Ingenious US researchers are already finding ways around the Bush Administration's policies. A more serious threat is the growing ability of universities such as Cambridge and Oxford in the UK - and a number of Asian institutions in Korea, Singapore and elsewhere - to attract significant research groups in these areas and fund them at least as well as the US.

Over the next decade, the same may start to happen in China and a greater number of continental universities may adopt similar tactics. US universities may have produced the innovations needed to foster globalisation, but it does not follow that they will be the ones to benefit.

Stanford

Stanford University may be 250 years younger than its arch-rival, Harvard University, but it prefers to look forward rather than back.

It is one of the world's leading research and teaching institutions and a pioneer of new technologies.

"There is no greater thrill than advancing the frontier of knowledge," said John Hennessy, the university's president.

Stanford, which emphasises collaboration across disciplines, has introduced multidisciplinary programmes in bioscience, international affairs and business.

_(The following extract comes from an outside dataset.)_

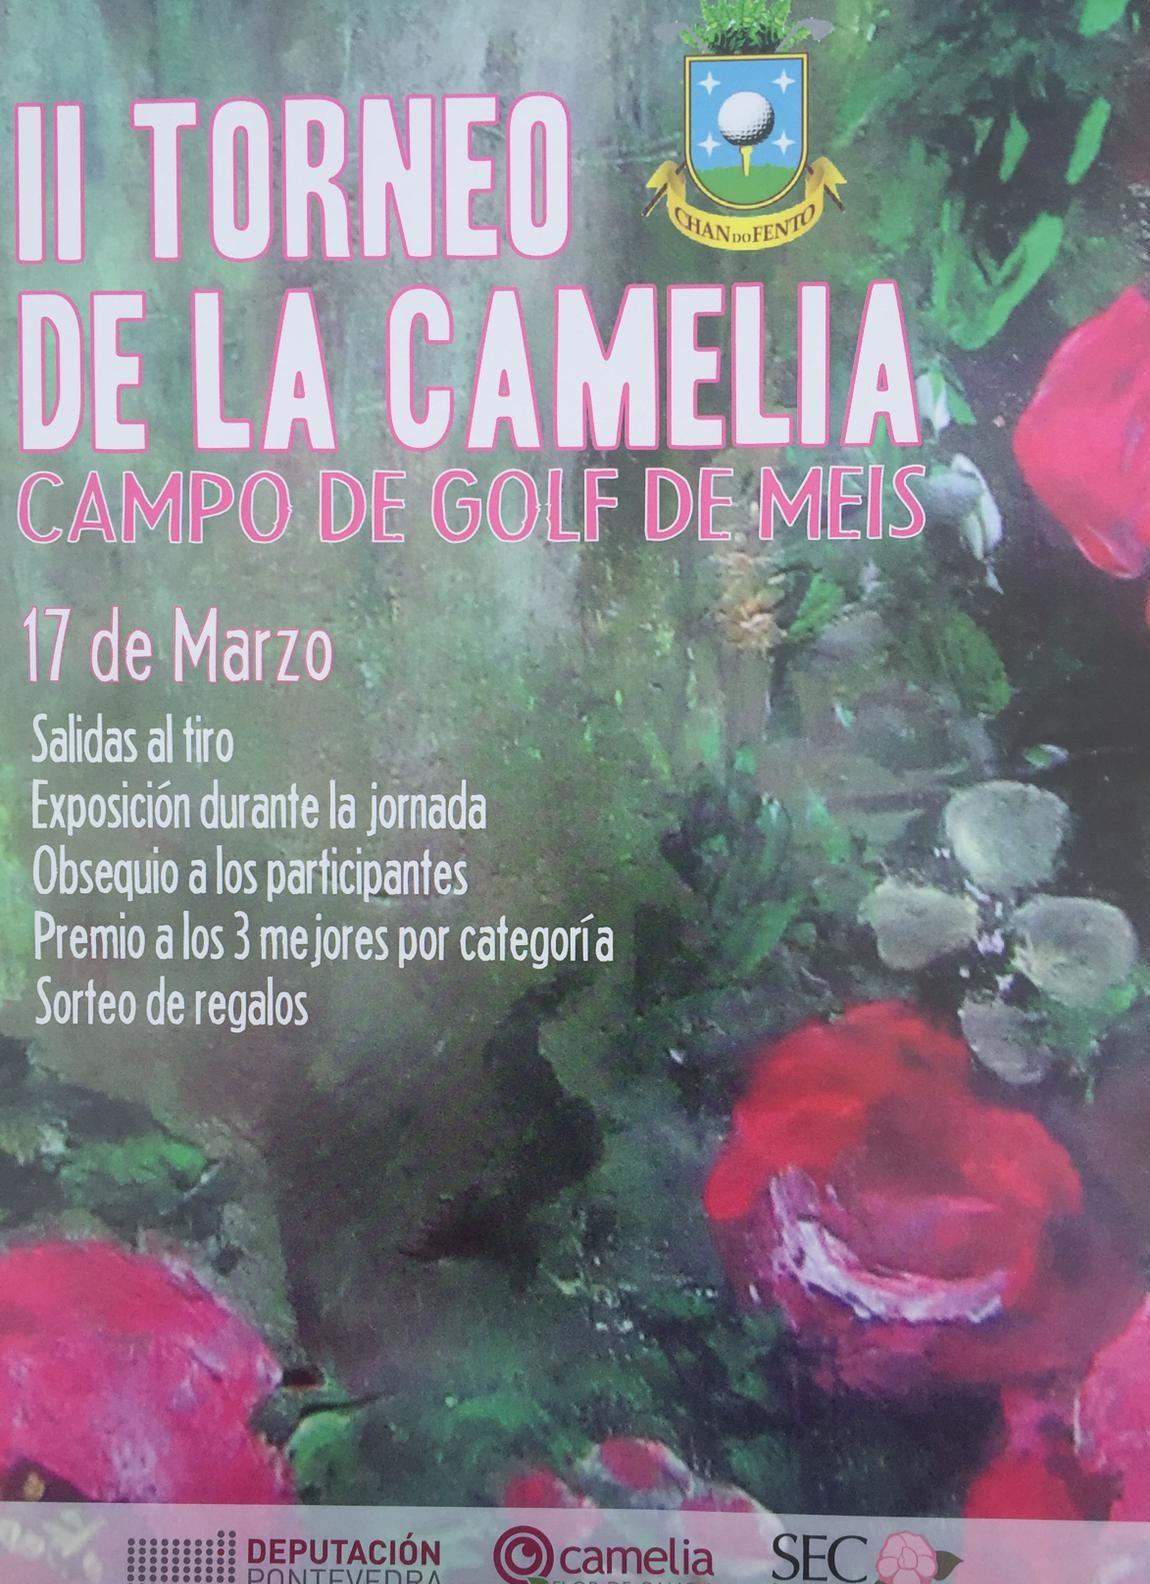 II TORNEO DE LA CAMELIA

In 1951, the university created America's first high-technology research park, and it has spun off an estimated 1,200 companies. These include Cisco Systems, Dolby Laboratories, eBay, Hewlett-Packard, Google, Sun Microsystems and Yahoo! - all companies that Stanford students and faculty helped to create.

Its researchers invented the laser, the musical synthesiser, global positioning systems and IQ testing. They carried out the first heart-lung transplants in the US, discovered REM sleep and developed the technology that led to magnetic resonance imaging scans.